== Given data ==
····················
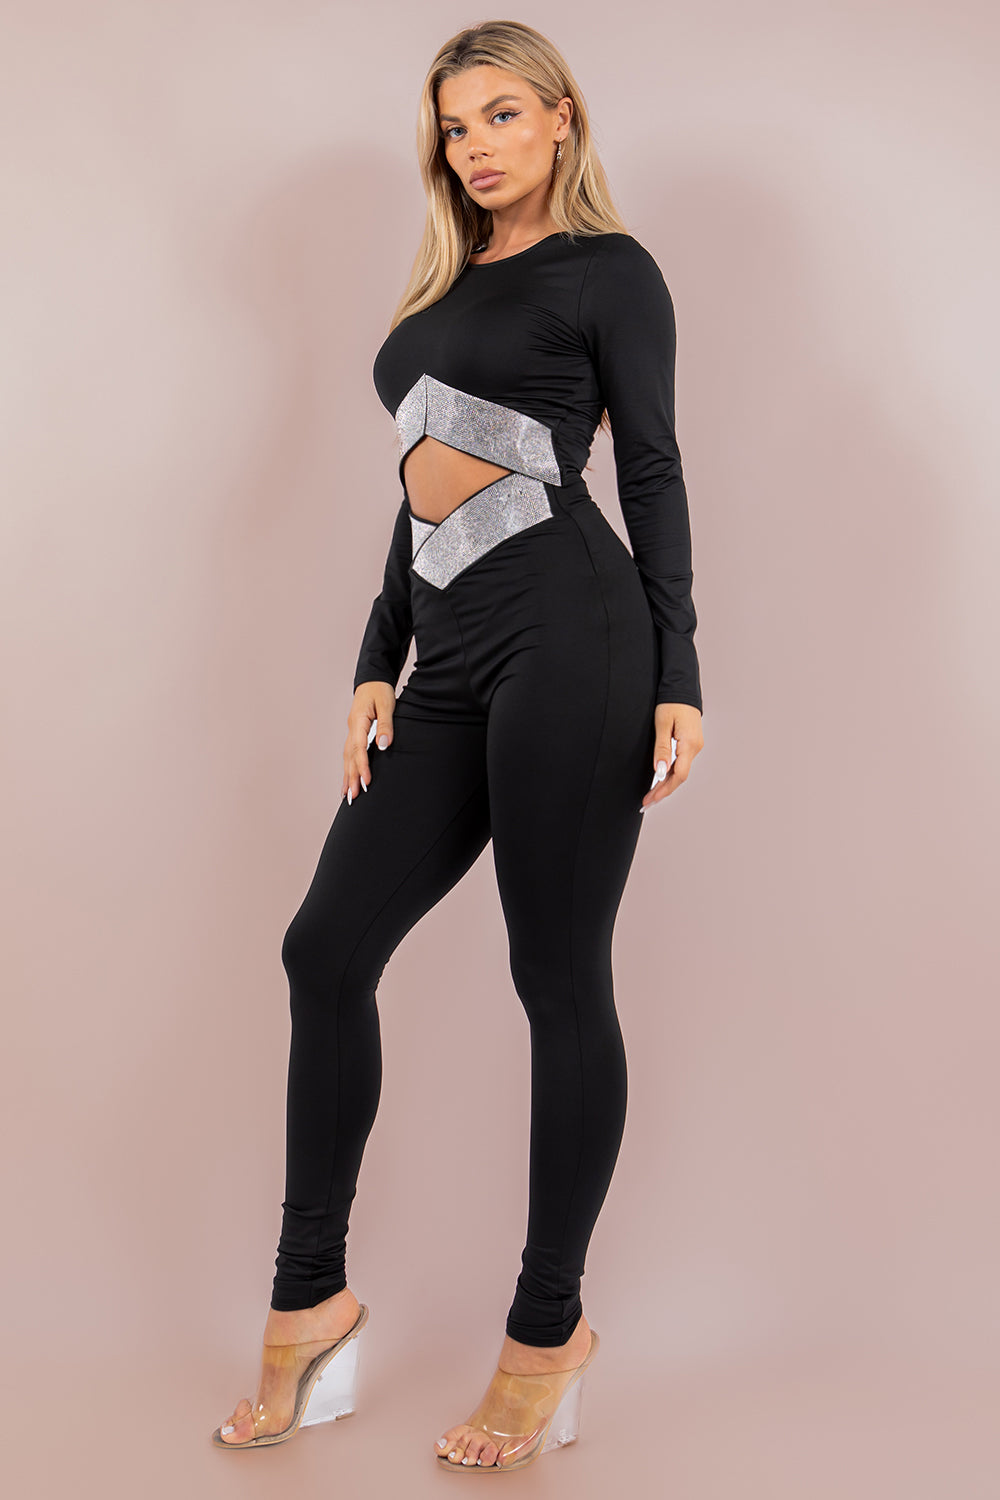 Asymmetrical Embellished Stretch Pant Set Long Sleeve Crop and Skinny Pants
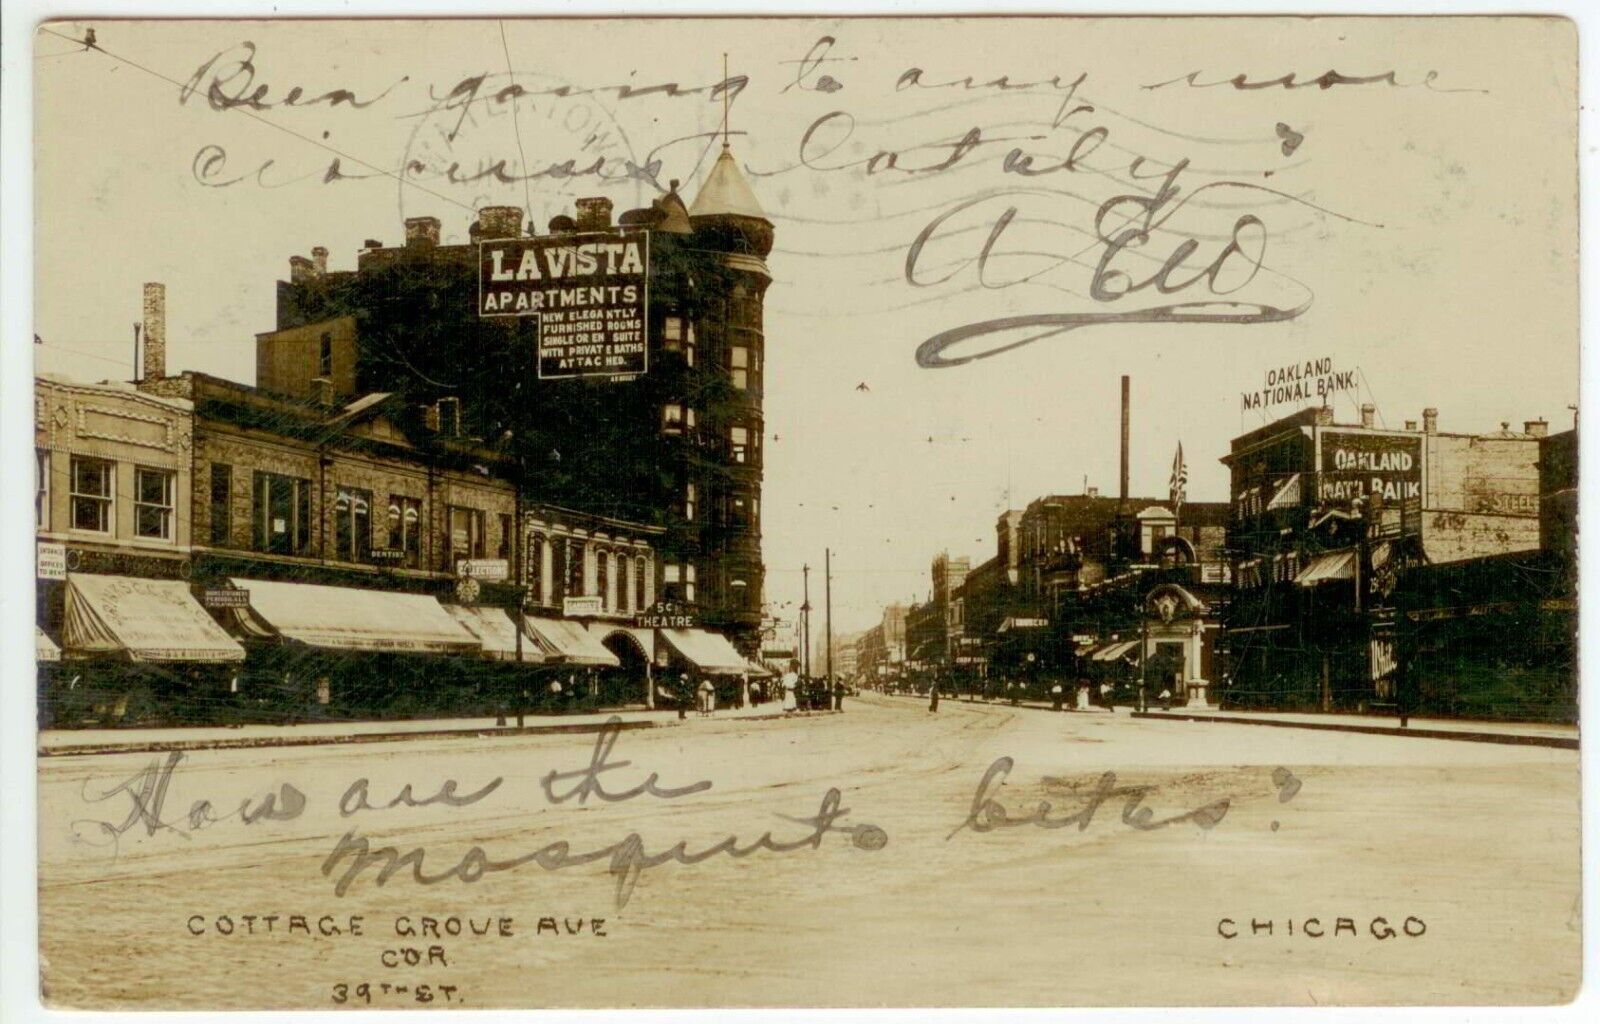 terrific 1908 Chicago Illinois Cottage Grove Avenue and 39th Street Real Photo
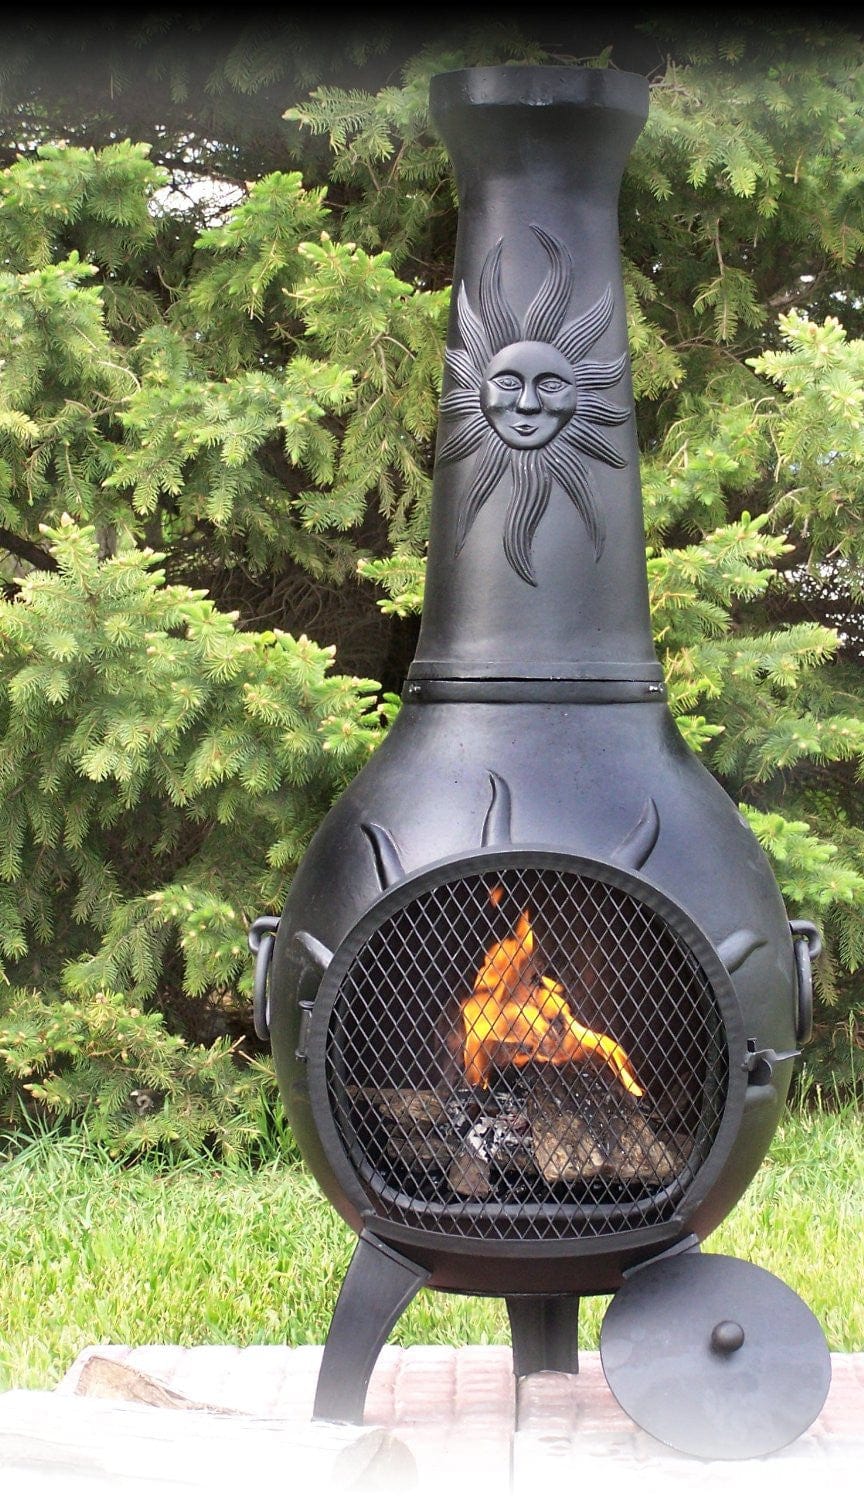 The Blue Rooster Sun Stack Chiminea
····················
== Task objective ==
A word-for-word copy of all the data, without pictures, is the expected output.

== Output ==
 Asymmetrical Embellished Stretch Pant Set Long Sleeve Crop and Skinny Pants
 terrific 1908 Chicago Illinois Cottage Grove Avenue and 39th Street Real Photo
 The Blue Rooster Sun Stack Chiminea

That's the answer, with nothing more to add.